However the Minbari by all accounts, were considered honorable people especially when it came to dealing with their own. It was a well-known fact that No Minbari had killed another Minbari in anger for a thousand years, no small feat, and it was something to be proud of. Now that boast had come to an abrupt end as two hundred thousand of their people died, incinerated in the northern city of Kantill by an Ashen warship using a mass driver as the delivery system. Minbari Sharlins destroyed the offending vessel moments later but it was already too late for the dead in Kantill.
The Ashen had chosen death before dishonor. This meant that all Minbari were honor-bounded to make the ultimate sacrifice rather than suffer the ignobility of surrender to the perceived forces of darkness. This belief was central to their ideology and it never occurred to them that any true Minbari would reject such an action. The infuriated Minbari were determined to choose their own fate, not have the Ashen choose for them. None of the larger Ashen weapons could be allowed to inflict their wrath on Minbari soil. Total undeclared war against the Ashen was immediate, brutal and genocidal.
Following the legacy of Valen, there had never been any outright fighting among the different warrior castes; however, aggressive competition between them was always something to be feared.

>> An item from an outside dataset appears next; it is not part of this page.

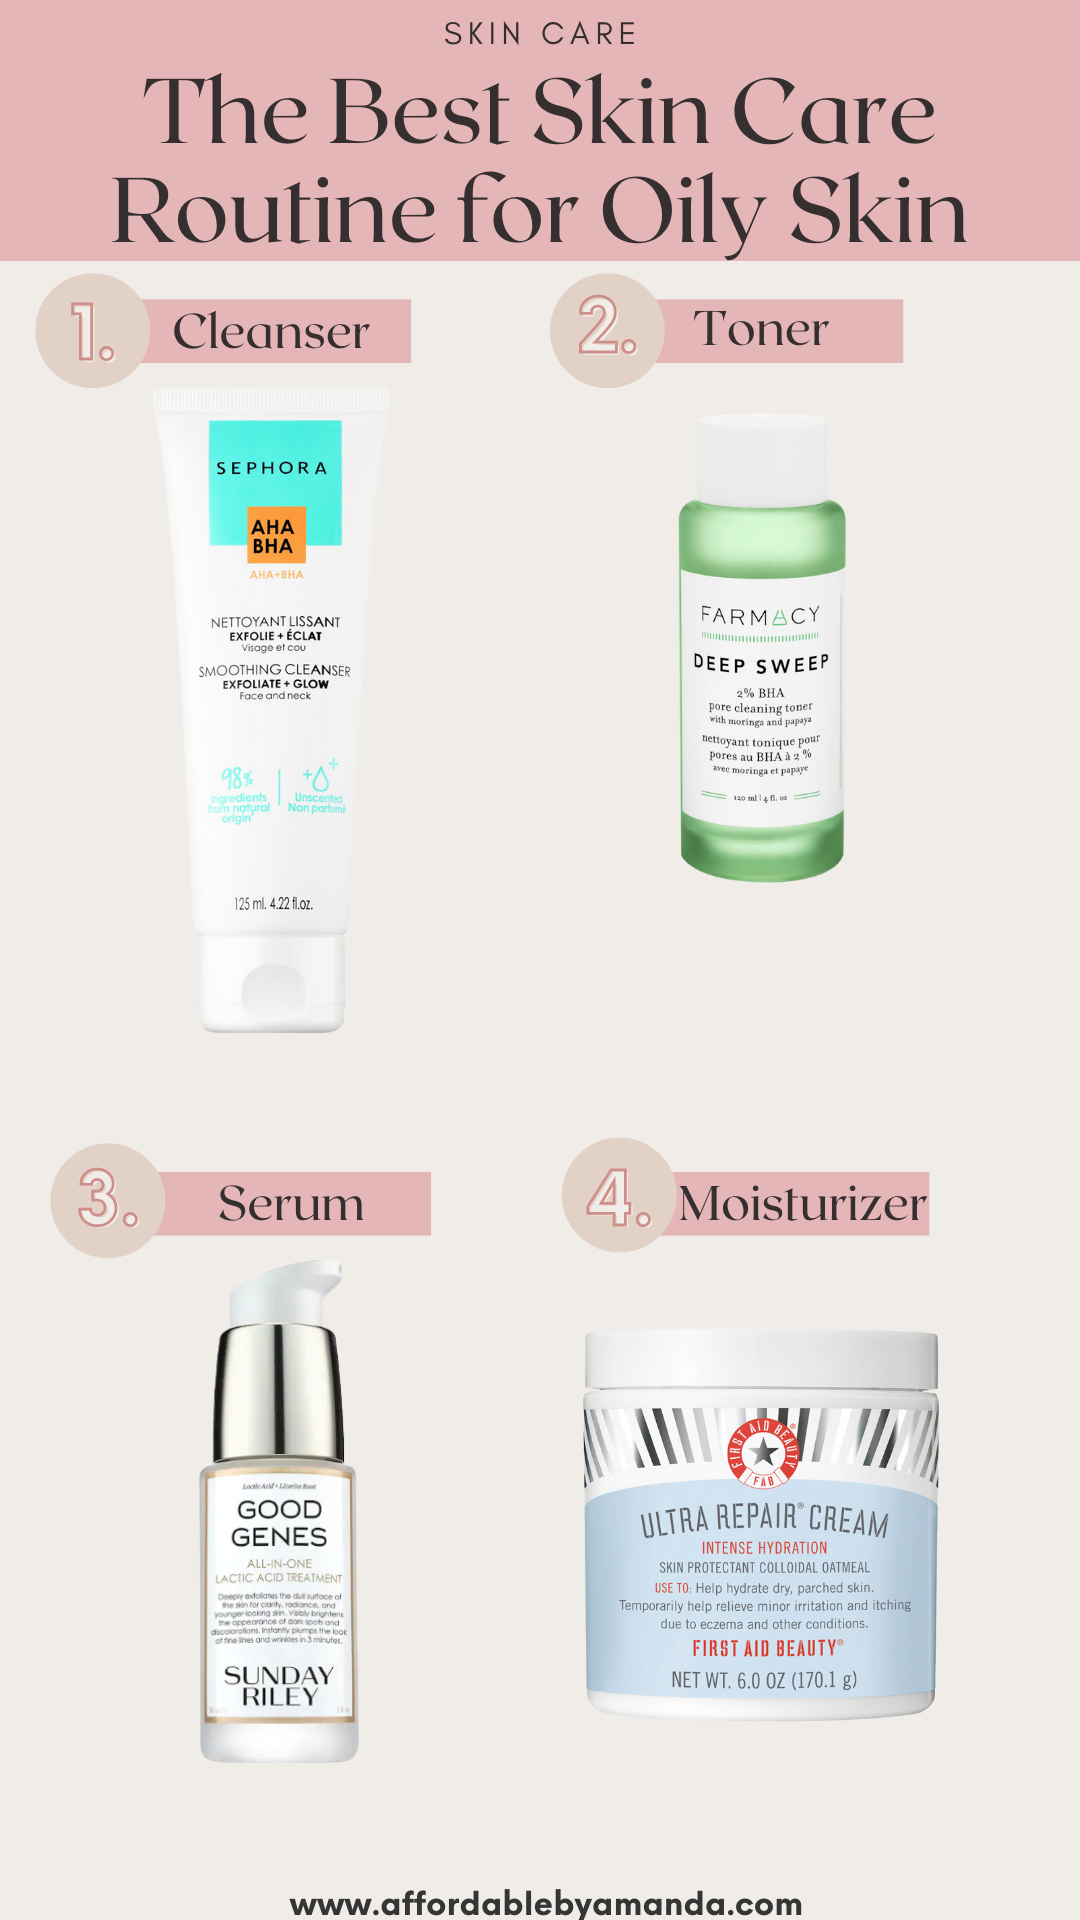 The Best Skin Care Routine For Oily Skin - Affordable by Amanda

The most aggressive of these competitions usually occurred between the castes of the highly militant Wind Swords and the much larger but less volatile Storm Riders. Rarely did they interact with one another under normal circumstances. Even in cases of conflicts with other races such as the Streib, they remained separated; however, due Ashen actions against the home world every trace of animosity between the different castes evaporated as they chased after their blood enemies, their pure-blood cousins who had abandoned the fight against the star warriors called Starfleet and were now attempting to obliterate all life on Minbar to appease the supposed will of their Vorrin gods. They were firm in their convictions; however in their zeal, the Ashen had forgotten that they were fighting against their own blood cousins with the same passions and whose intensity matched their own.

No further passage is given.